От нее остался единственный портрет, точнее, эскиз; отец оправил его в золотой медальон, и он стал самой большой моей драгоценностью. И был ею до тех пор, пока мы не сняли пару прозябших комнатенок в узком проулке восточного Лондона, где воздух навсегда пропитался запахом Темзы, а вопли чаек и крики матросов слились в монотонную песню; там-то мой медальон и исчез в кармане старьевщика, скупавшего тряпки и кости. Не знаю, куда делся портрет. Наверное, провалился в какую-то щель во времени, вместе с другими потерянными вещами.
Отец называл меня «Берди»[3]; говорил, что я его маленькая птичка. Мое настоящее имя – очень красивое, говорил он, но больше подходит взрослой даме, к нему пристали шелка и длинные юбки, зато у него нет крыльев и оно не умеет летать.
– А мне что, нужно имя с крыльями?
– Ну конечно, а ты как думаешь?
– А зачем ты тогда дал мне то, другое?
Тут он серьезнел, как всегда, когда разговор хотя бы краем выходил на нее:
– Твоя мама назвала тебя в честь своего отца. Ей было важно, чтобы в тебе было что-то от ее семьи.
– Хотя они и не хотели меня знать?
– Хотя и не хотели, – говорил он с улыбкой и ерошил мне волосы так, что я сразу чувствовала: никакие беды не страшны той, которую любят так, как он любит меня.
Мастерская отца казалась мне местом чудес. Большой верстак под окном был весь усыпан пружинками, заклепками, металлическими пластинками, проволочками, колокольчиками, маятниками и колючими стрелками. Бывало, я крадучись входила в мастерскую через открытую дверь, вставала на колени на невысокий деревянный табурет и начинала перебирать вещички на верстаке, а он тем временем работал над какой-нибудь любопытной умной штуковиной, прилаживал к ней крохотные хрупкие частички, которые брал у меня из пальцев, иногда поднимая их к свету, так что они сверкали, как драгоценности.
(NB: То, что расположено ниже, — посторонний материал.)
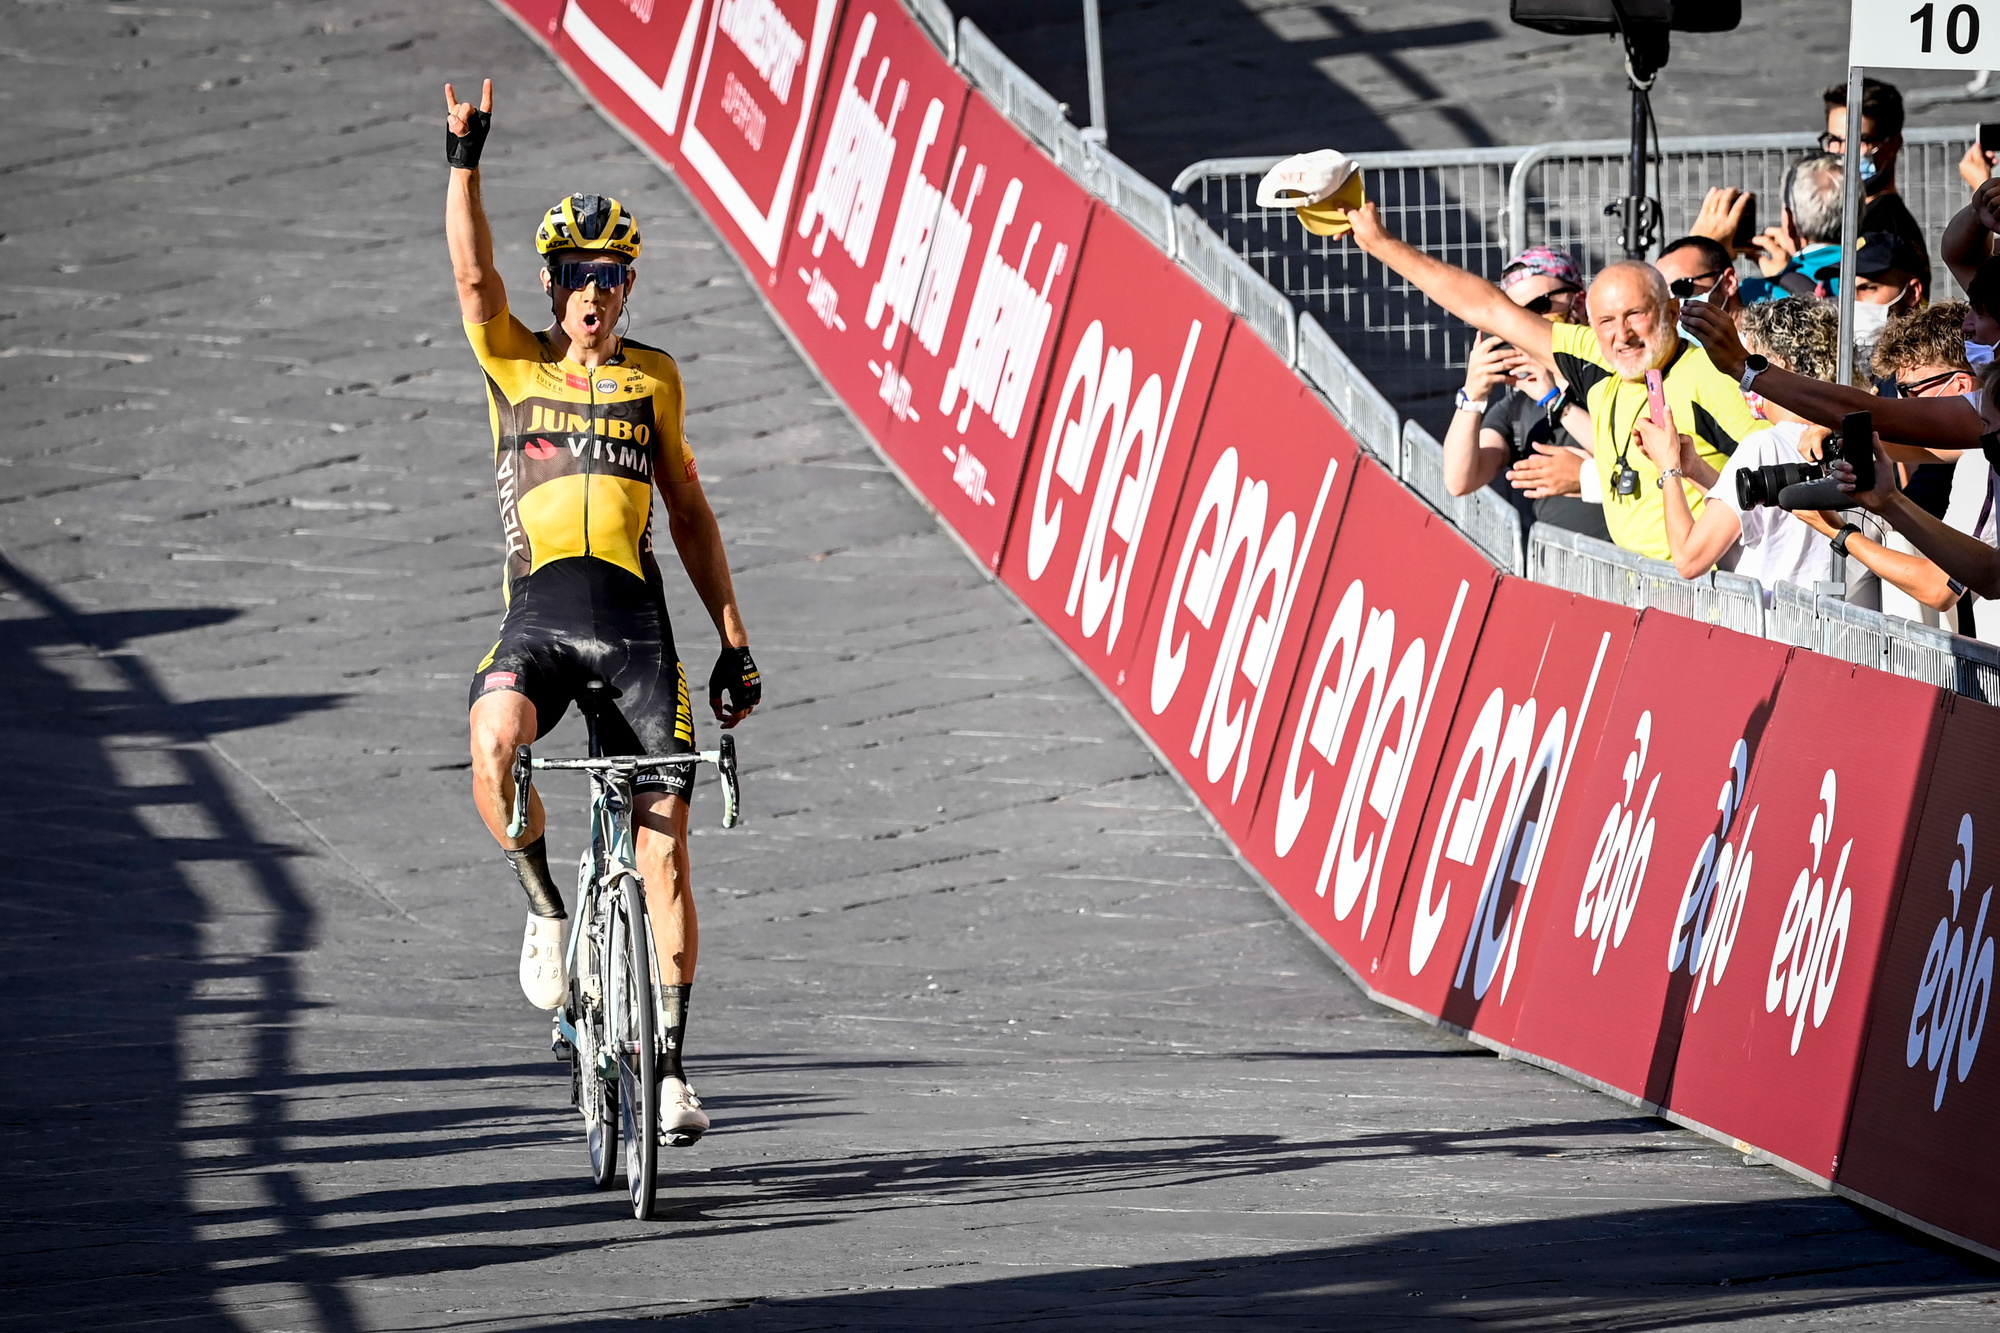 En août 2020, après l'interruption pandémique, Wout Van Aert marque son retour au plus haut niveau après sa grave chute lors du Tour de France 2019. Il remportera Milan-San Remo au sprint contre Julian Alaphilippe une semaine plus tard., belga

В такие моменты я без конца задавала ему вопросы, на которые он отвечал, глядя на меня поверх лупы; при этом он брал с меня клятвенное обещание – ни одной живой душе не говорить о том, что я видела в его мастерской, ведь мой отец не только ремонтировал старые часы, но еще изобретал новые.
Его Главным Проектом были Таинственные Часы, над которыми он подолгу корпел в своей мастерской, ради которых то и дело тайком наведывался в Канцлерский суд, где регистрировали изобретения и выдавали патенты. Отец твердил, что Таинственные Часы озолотят нас, когда он их закончит: какому богачу не захочется иметь у себя прибор для измерения времени с маятником, качающимся без механизма?
Я слушала его и торжественно кивала – этого требовала серьезность его слов, – но на самом деле меня ничуть не меньше впечатляли обычные часы, которые от пола до потолка покрывали стены мастерской, то, как внутри у них тикало, как раскачивались маятники, каждый в своем ритме, одни быстрее, а другие чуть медленнее. Отец показал мне, как они заводятся, и я часто потом вставала посреди комнаты и глядела на их разномастные физиономии, а они хором так-так-такали на меня со стен.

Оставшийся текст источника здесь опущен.